# Check this out



## Shadybug Lofts (Mar 13, 2010)

http://www.youtube.com/watch?v=sJx5a_4bO3g


----------



## spirit wings (Mar 29, 2008)

that was so calming and sweet.. a man and his birds.. would really love to know who was singing that song.. I loved it..


----------



## Crazy Pete (Nov 13, 2008)

Nice looking birds, not sure who was singing the song the Beatles did it first.
Dave


----------



## pigeonmama (Jan 9, 2005)

This was beautiful, but sure reminds me how much I loved my birds and how much I miss them
Daryl


----------



## Shadybug Lofts (Mar 13, 2010)

Yes nice soothing music but did you see how fast he cleaned the loft and feed and watered the birds. I think there a board in my old loft future.


----------



## rackerman (Jul 29, 2009)

spirit wings said:


> that was so calming and sweet.. a man and his birds.. would really love to know who was singing that song.. I loved it..


The Beatles sing that song, I also love it............ I also love that loft and easy cleaning.


----------



## Pip Logan (Oct 6, 2009)

pigeonmama said:


> This was beautiful, but sure reminds me how much I loved my birds and how much I miss them
> 
> 
> What happen to your birds?
> Daryl


________________


----------



## Quazar (Jul 27, 2010)

spirit wings said:


> that was so calming and sweet.. a man and his birds.. would really love to know who was singing that song.. I loved it..

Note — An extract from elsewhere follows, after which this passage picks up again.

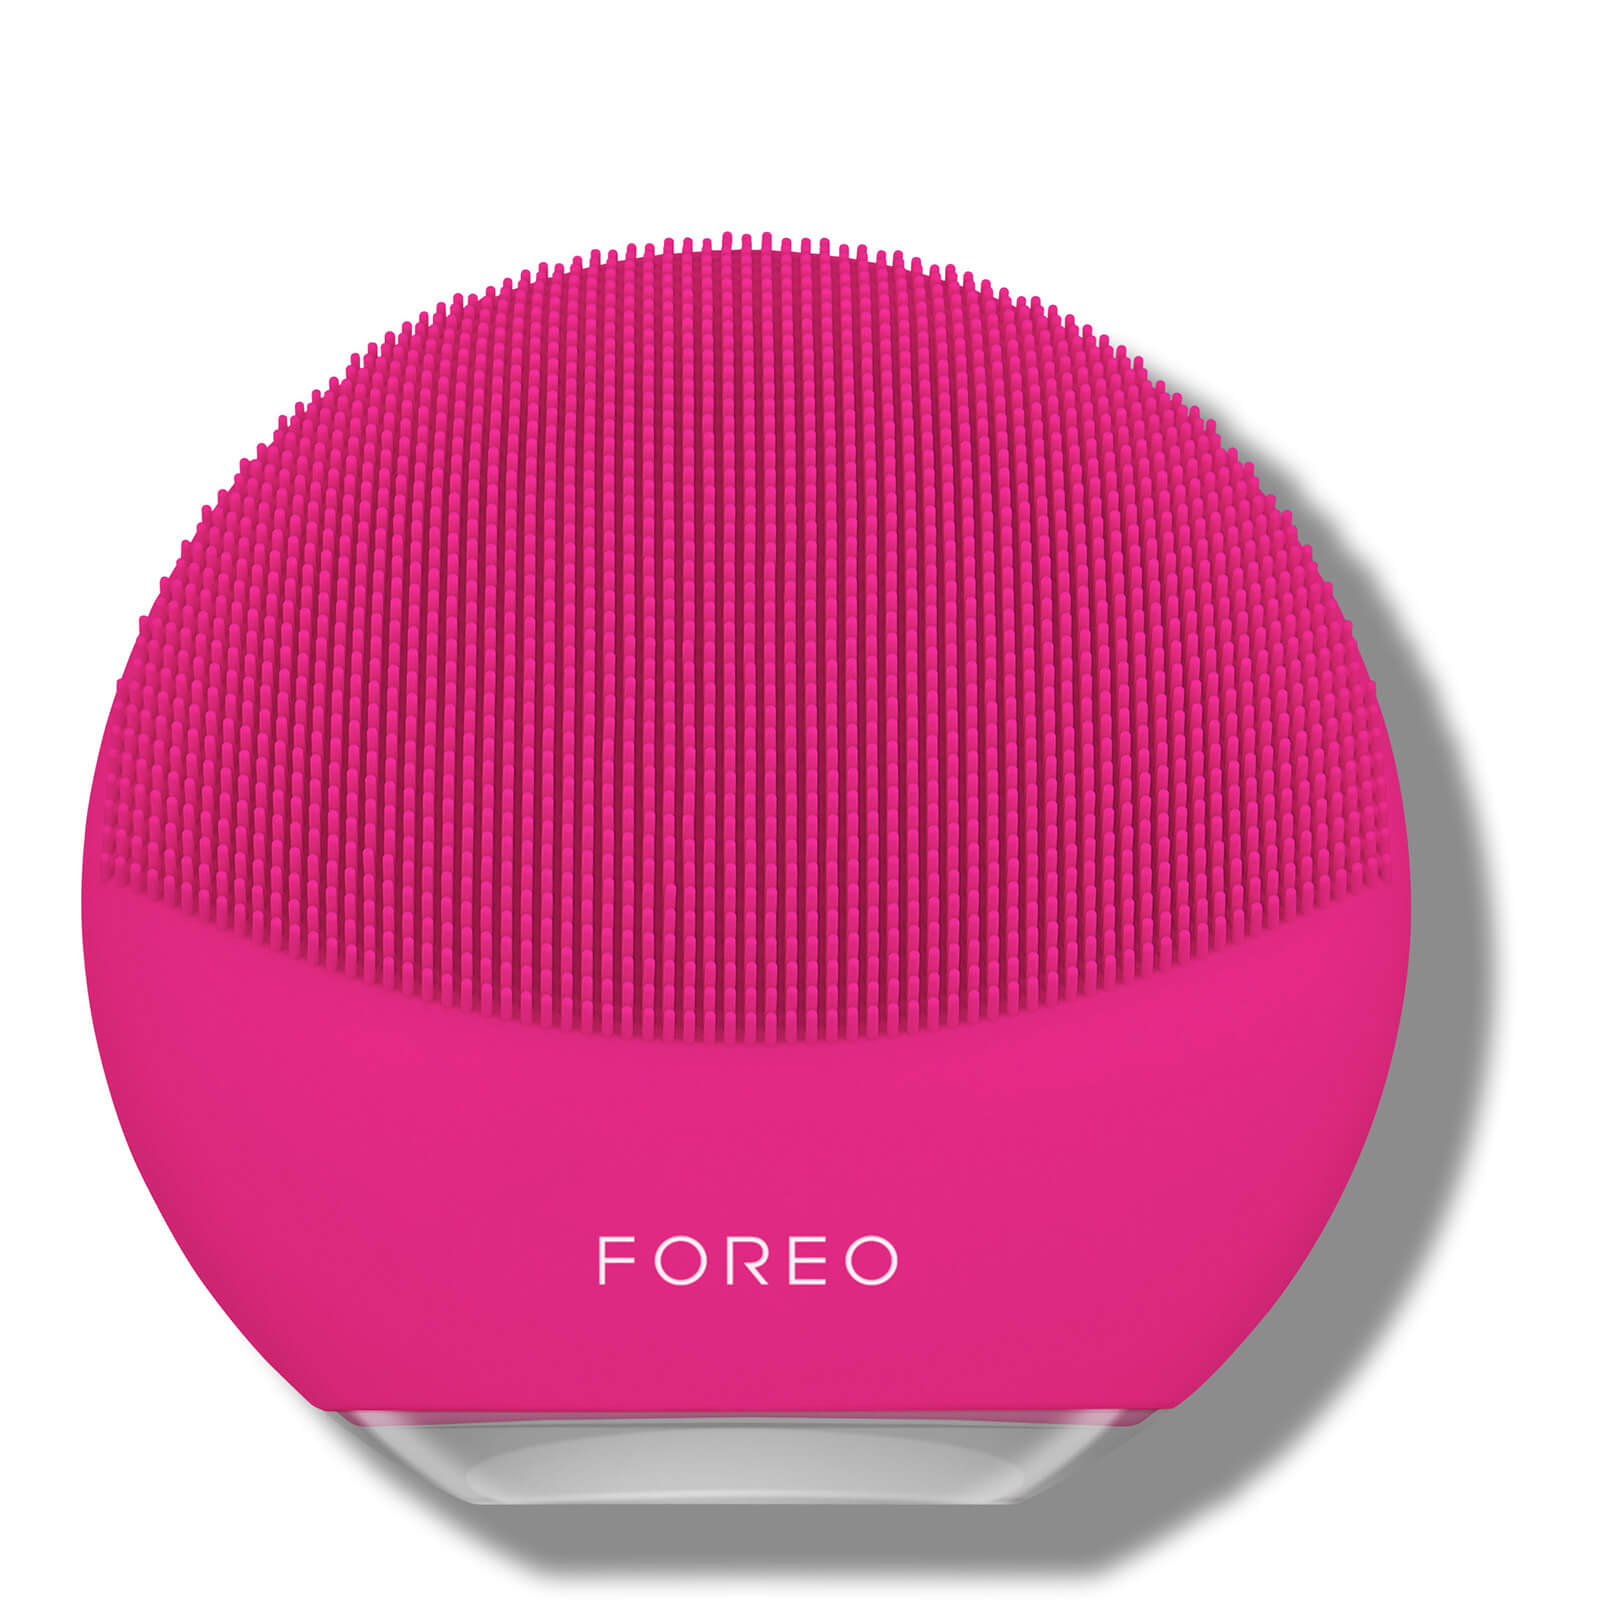 FOREO LUNA Mini 3 Dual-Sided Face Brush for All Skin Types (Various Shades) - 1 Fuchsia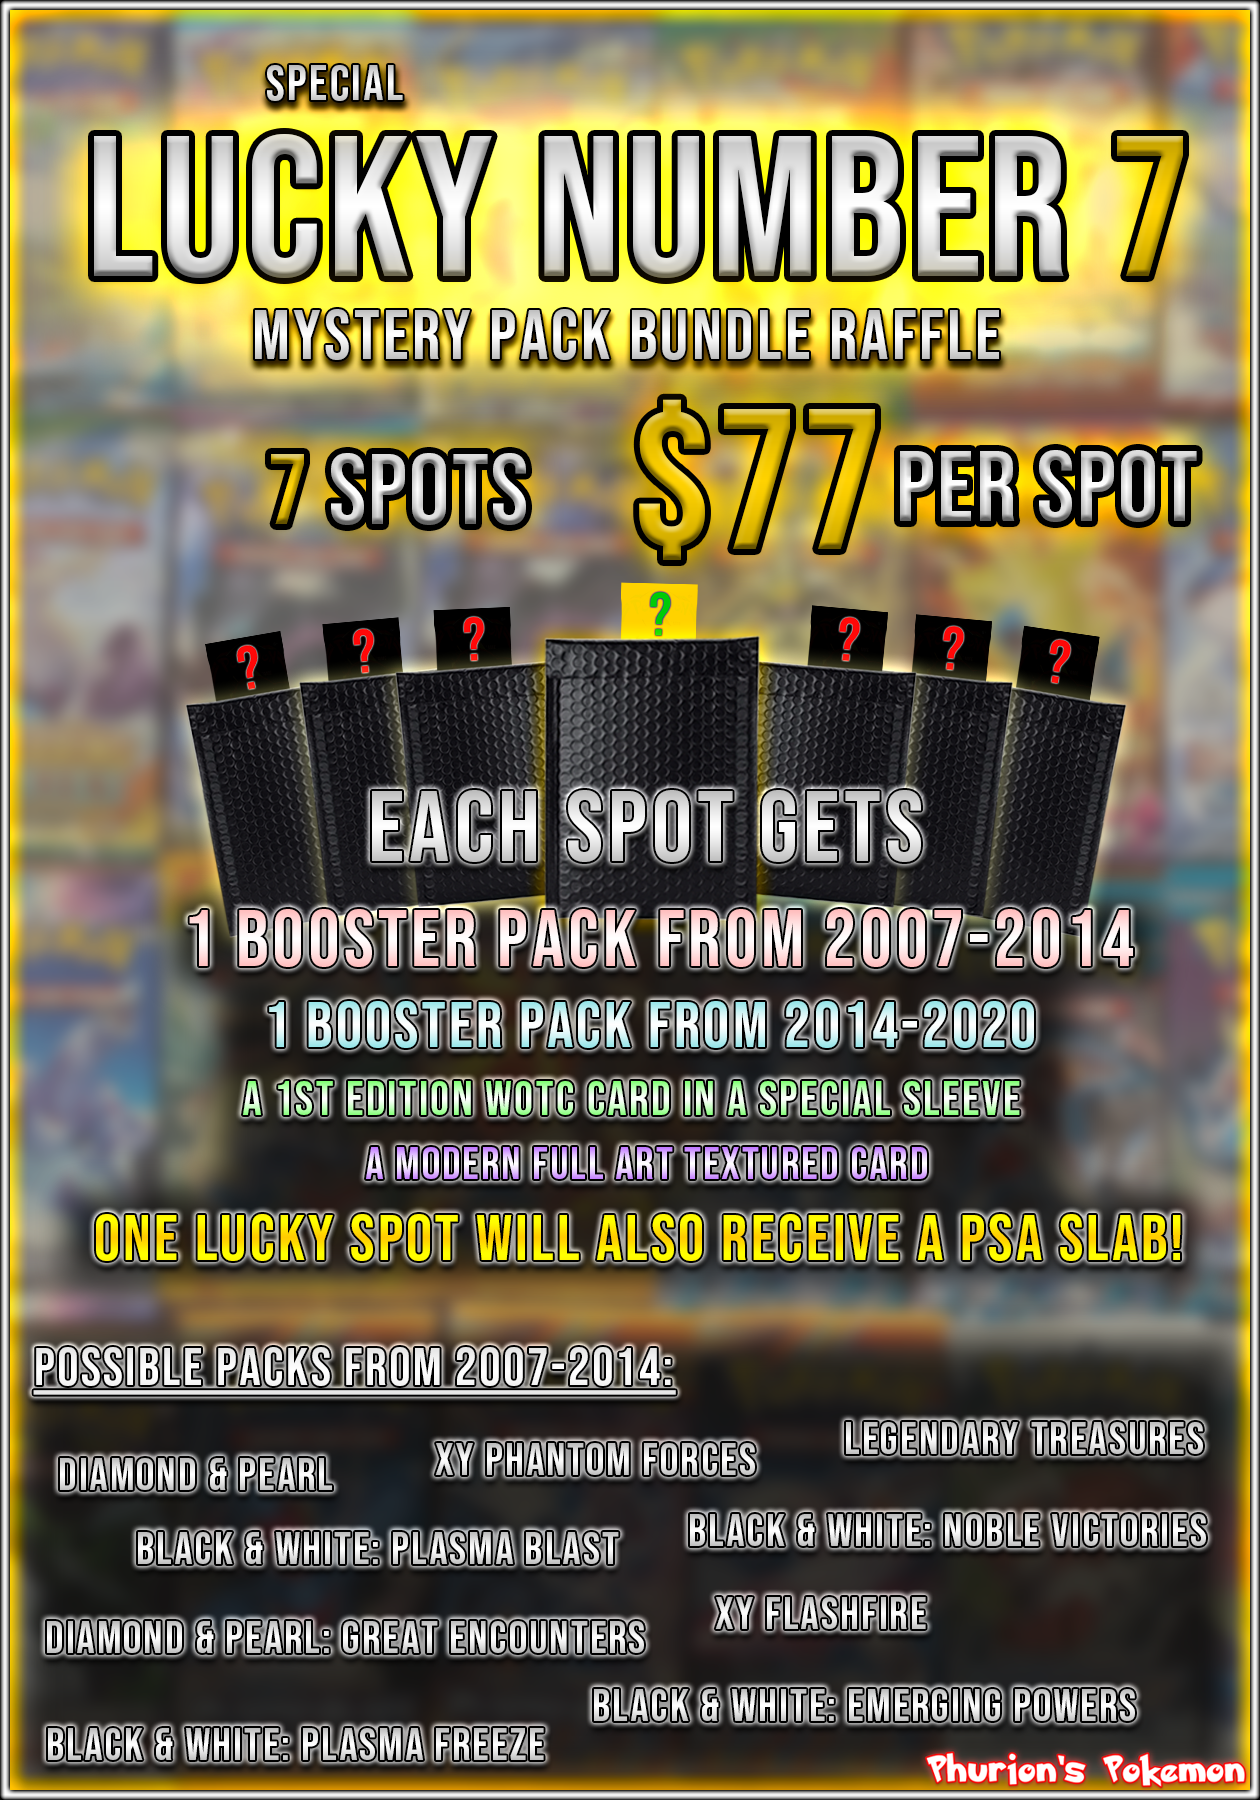 ** LUCKY NUMBER 7 MYSTERY PACK BUNDLE **

Beatles sang it originally (written by Paul McCartney) but it has been covered by hundreds of artists, including Chris De Burgh, John Denver, Donovan, Sarah McLachlan etc etc.
The song was written by Paul while in Scotland at his favourite Island retreat Mull (remember also Mull of Kintyre), and was actually written as a symbolic gesture of reaction to racial tensions escalating in the United States in the spring of 1968.

This particular version is by Kenny Rankin an American pop and jazz singer/songwriter originally from the Washington Heights neighborhood of New York who sadly died in 2007.
It is on the Album "Peaceful: The Best of Kenny Rankin"


----------



## spirit wings (Mar 29, 2008)

Quazar said:


> Beatles sang it originally (written by Paul McCartney) but it has been covered by hundreds of artists, including Chris De Burgh, John Denver, Donovan, Sarah McLachlan etc etc.
> The song was written by Paul while in Scotland at his favourite Island retreat Mull (remember also Mull of Kintyre), and was actually written as a symbolic gesture of reaction to racial tensions escalating in the United States in the spring of 1968.
> 
> This particular version is by Kenny Rankin an American pop and jazz singer/songwriter originally from the Washington Heights neighborhood of New York who sadly died in 2007.
> It is on the Album "Peaceful: The Best of Kenny Rankin"


wow, thanks for that info.. I feel so sad that he died.. I will have to research him... thanks again... I knew the beatles has done it.. but his voice was so nice...I just really liked his version...


----------